Analysis / A Hot Welcome for a Silent Zinni

"Anthony Zinni's visit to Israel and the territories influenced the level of violence," said a top IDF officer Thursday. "But not for the better," he added, "instead of calming things, it has so far contributed to an escalation."

"Anthony Zinni's visit to Israel and the territories influenced the level of violence," said a top IDF officer yesterday afternoon. "But not for the better," he added, "instead of calming things, it has so far contributed to an escalation."

The officer was speaking before the attacks in Baka a-Sharkiya and the bus near IDF Camp 80, but the trend was clear - another desperate attempt was underway by Palestinians to hurt Israeli soldiers and civilians.

On the eve of Zinni's arrival, Military Intelligence predicted just such a development, and if they were surprised it was only for the worse - Yasser Arafat, they say, has avoided even lip service, much less any gesture of goodwill toward Zinni and did not instruct his people to halt attacks.

In one of his first meetings with Zinni, Defense Minister Benjamin Ben-Eliezer advised the envoy to lower his expectations from the mission. Arafat, Ben-Eliezer explained, won't change strategy to the point of stopping the terror and violence - but if he cracked down, even tactically, and reduced the volume of attacks, that would be satisfactory.

Israel won't be totally pleased, and will continue to demand more action, but compared to the current situation, moderating the violence to the levels that followed the June 1 Dolphinarium massacre, and later the September 11 attacks on America, would be helpful. Then the defense establishment could consider lifting the sieges and closures, and increasing the number of Palestinian workers allowed into Israel, so as to relieve the economic distress in the territories.

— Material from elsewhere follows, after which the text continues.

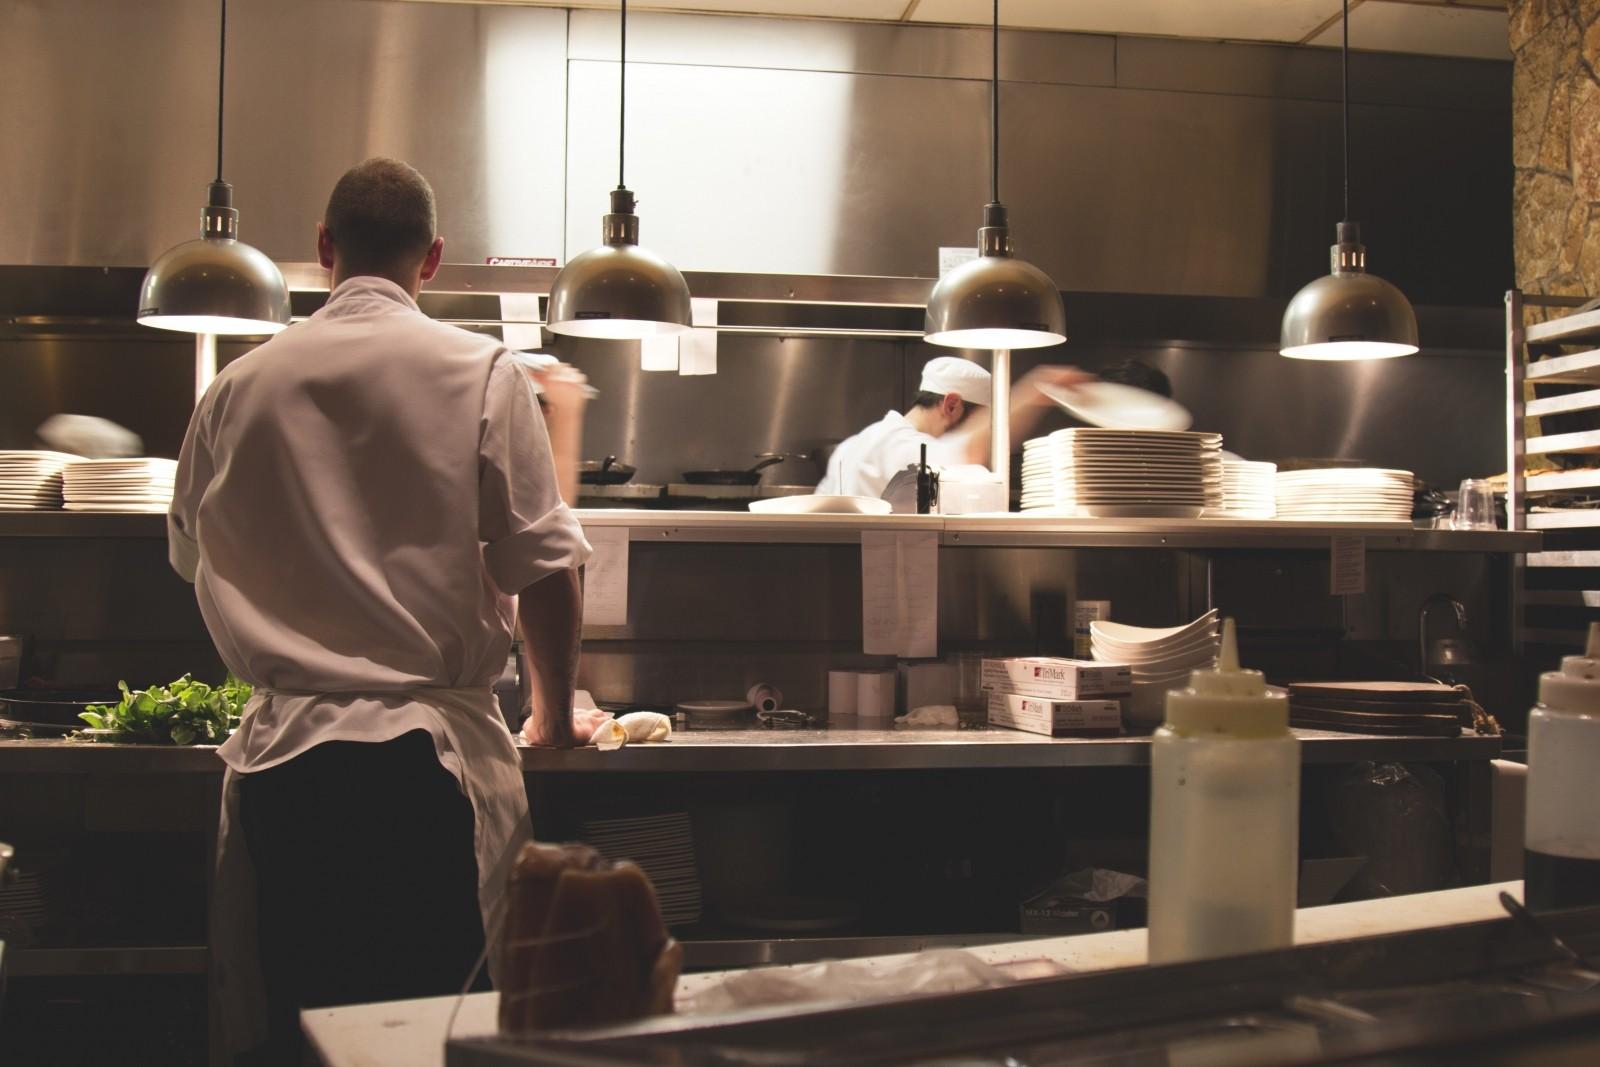 chief-preparing-food-in-restaurant-kitchen

Zinni listened, but barely responded. That's how he has been in most of meetings so far. His first days he spent learning. Sometimes he asked some pointed questions: "How flexible can you be?" "Will you really insist on seven days of quiet?" "And if that quiet comes, will you agree to shorten the confidence building measures period from six weeks to four?"

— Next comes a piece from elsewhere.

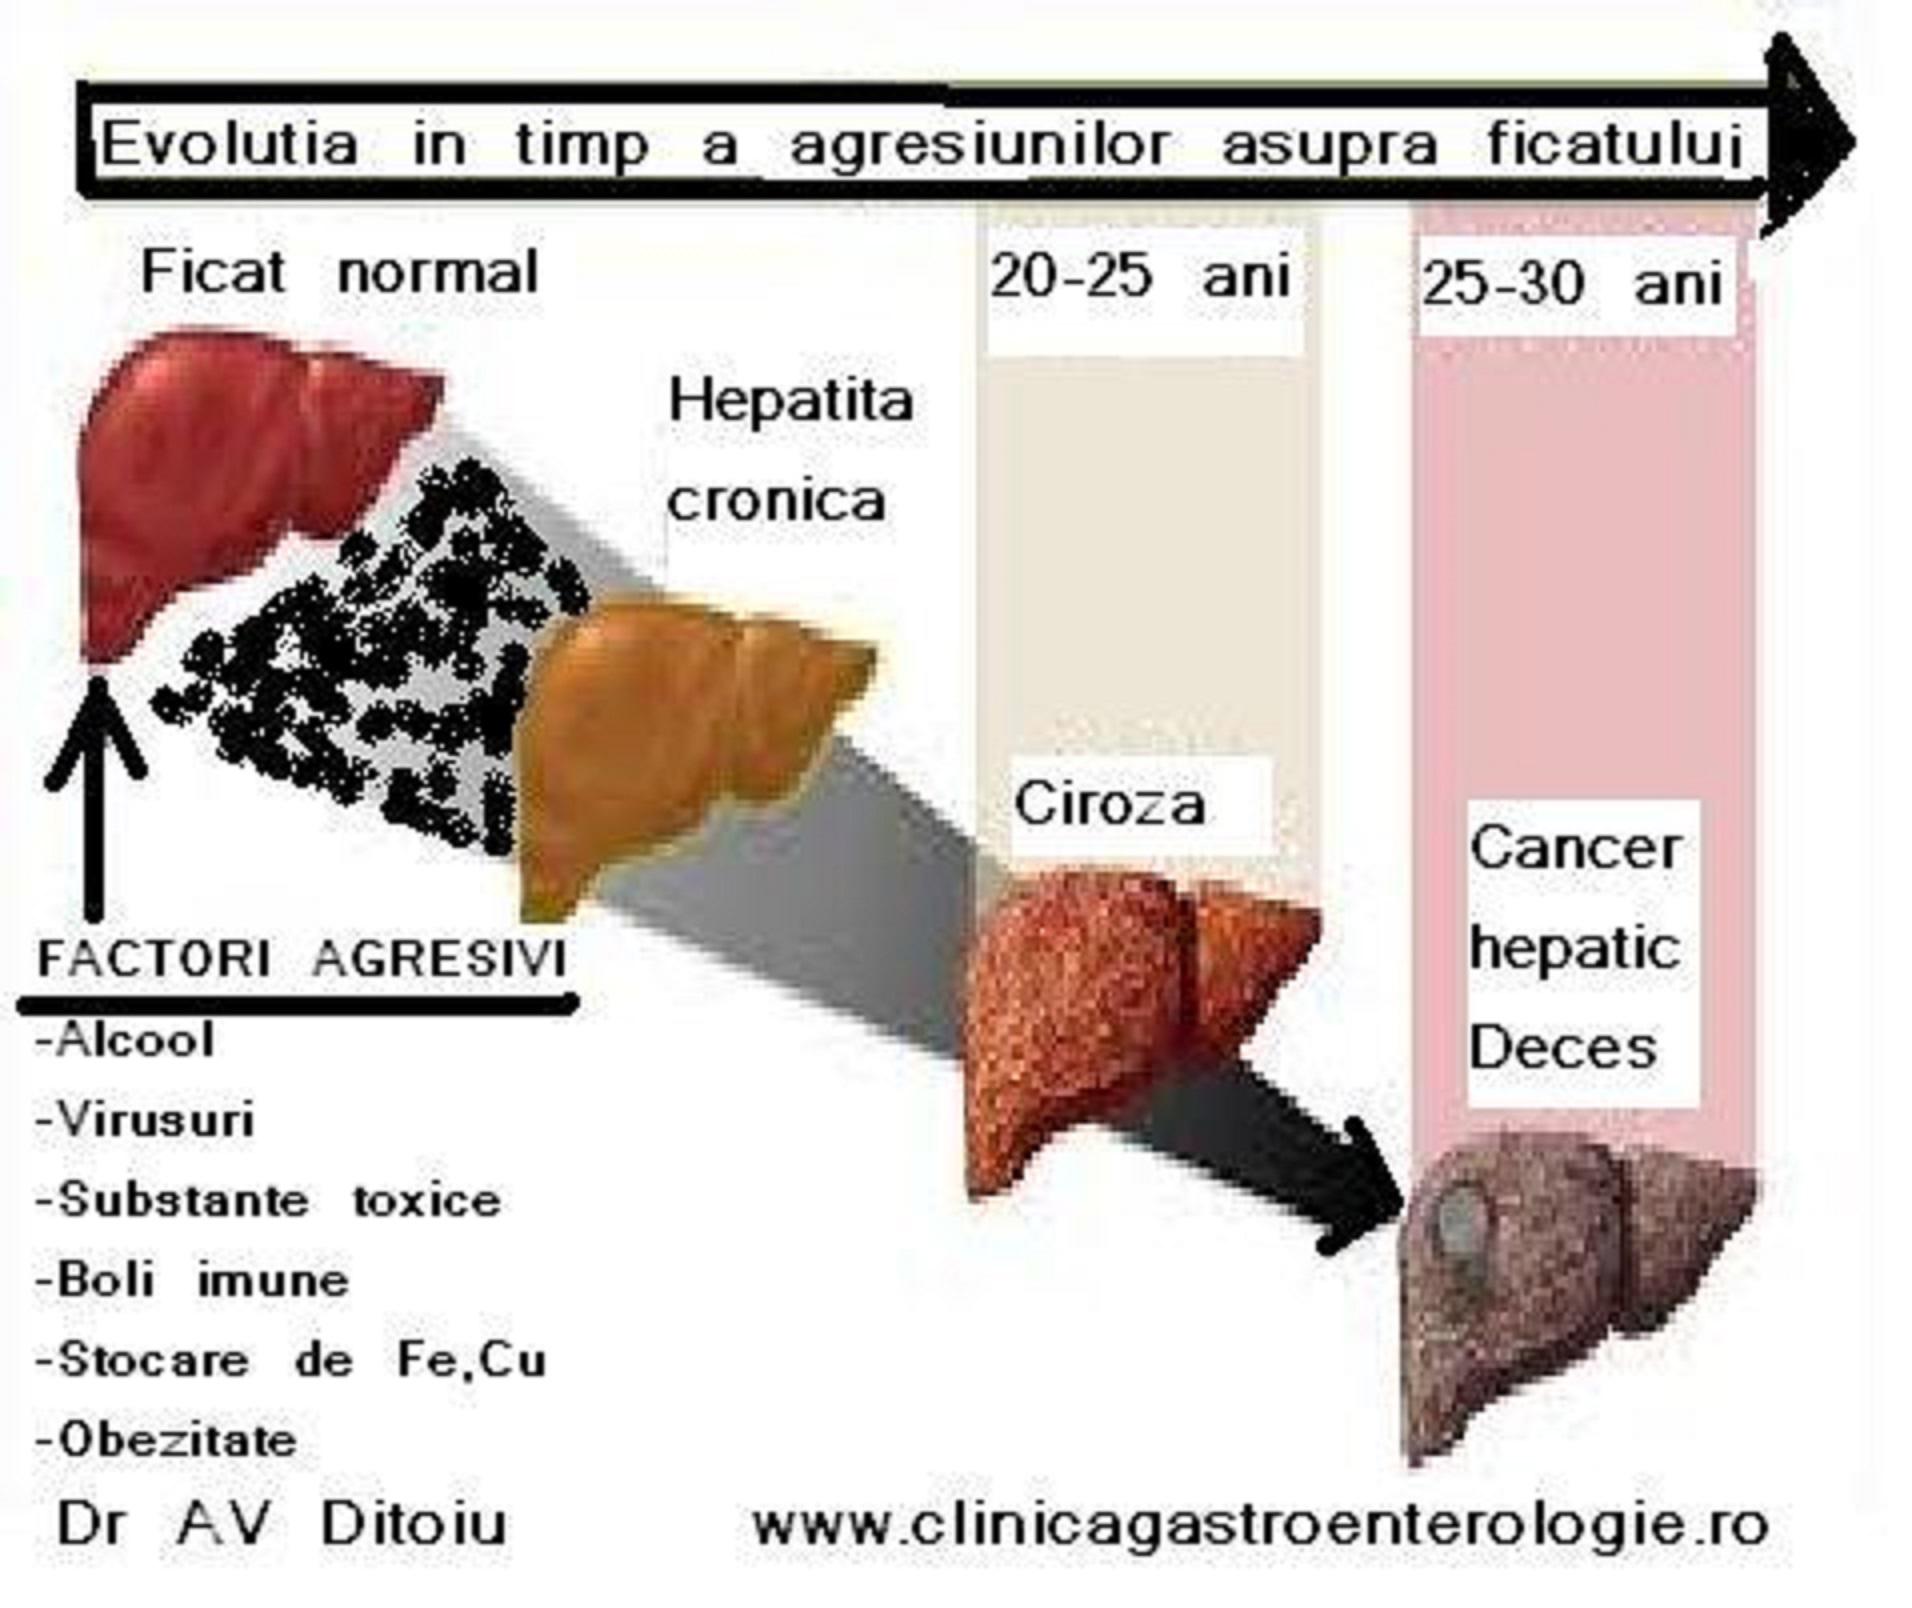 Hepatita C cu evolutie galopanta

Meir Dagan, the reserve major general appointed by Prime Minister Ariel Sharon to head the cease-fire negotiations with Zinni and assistant Secretary of State for Near East Affairs William Burns says Zinni, is working like an American. "An Israeli buys an appliance and never looks at the instructions until it goes wrong. An American won't plug it in until he's studied the instruction manual from first page to last." Dagan refused to comment on the content of the discussions so far.

Top officers from the IDF and Shin Bet put on an impressive show for Zinni, explaining the history of the Palestinian violence since June 2000 - when the IDF withdrew from South Lebanon. With tables and charts, the message was that the Palestinians are tired of the struggle, feel it's leading nowhere, and it's out of control (tactically, not strategically, as one of the officers in uniform said.) Yet despite that or maybe because of it, there's been an escalation. For Arafat, they said, terror is a Clausewitzian means to a political end. ("War is a continuation of politics.")

On the ground and amid growing despair, violence has become in itself and the participants are like overtired kids way past their bedtime who can't fall asleep and just drive their parents crazy.

"We make a note of their organizations, when we come across a cell that has Hamas operatives beside Tanzim or security forces personnel, and that's proper," said one security officer. "But it's also misleading because there is not necessarily any cooperation at the top levels where it's every man for himself and enmities and rivalries are rife. At night, in a refugee camp, three young friends who grew up together - a policeman, a Hamas activist and a Tanzim teen might get together. They regard violence against Israel as the only thing to do; they decide to take their guns or find some explosives and do an action."

The Shin Bet manages to collect information, a lot of it, that is of high quality as well as vast quantity about planned attacks - who's getting organized, where they plan to go and what they plan to do. Just a few days ago, for example, there were 70 specific details in the alerts. Most of the attacks are foiled, and that's not always made public, but the Shin Bet is like a winter meteorologist, able to predict we'll need umbrellas, but not necessarily able to warn of a full-fledged flood.

Our biggest failure, said one of the field officers, is that we still haven't found a way to distinguish between enemy activists and the innocent civilian population, which may not be sympathetic to Israel, but is where the enemy operates. One of the permanent places where friction is inevitable are the checkpoints.

When Zinni traveled the West Bank this week with the Palestinians, the checkpoints used "VIP regulations" crafted after the lesson learned from the shooting attack at Muhamed Dahlan's convoy at the Erez Junction last summer. Troops were briefed to be especially careful, and officers were posted at some of the checkpoints. The Zinni trip passed peacefully.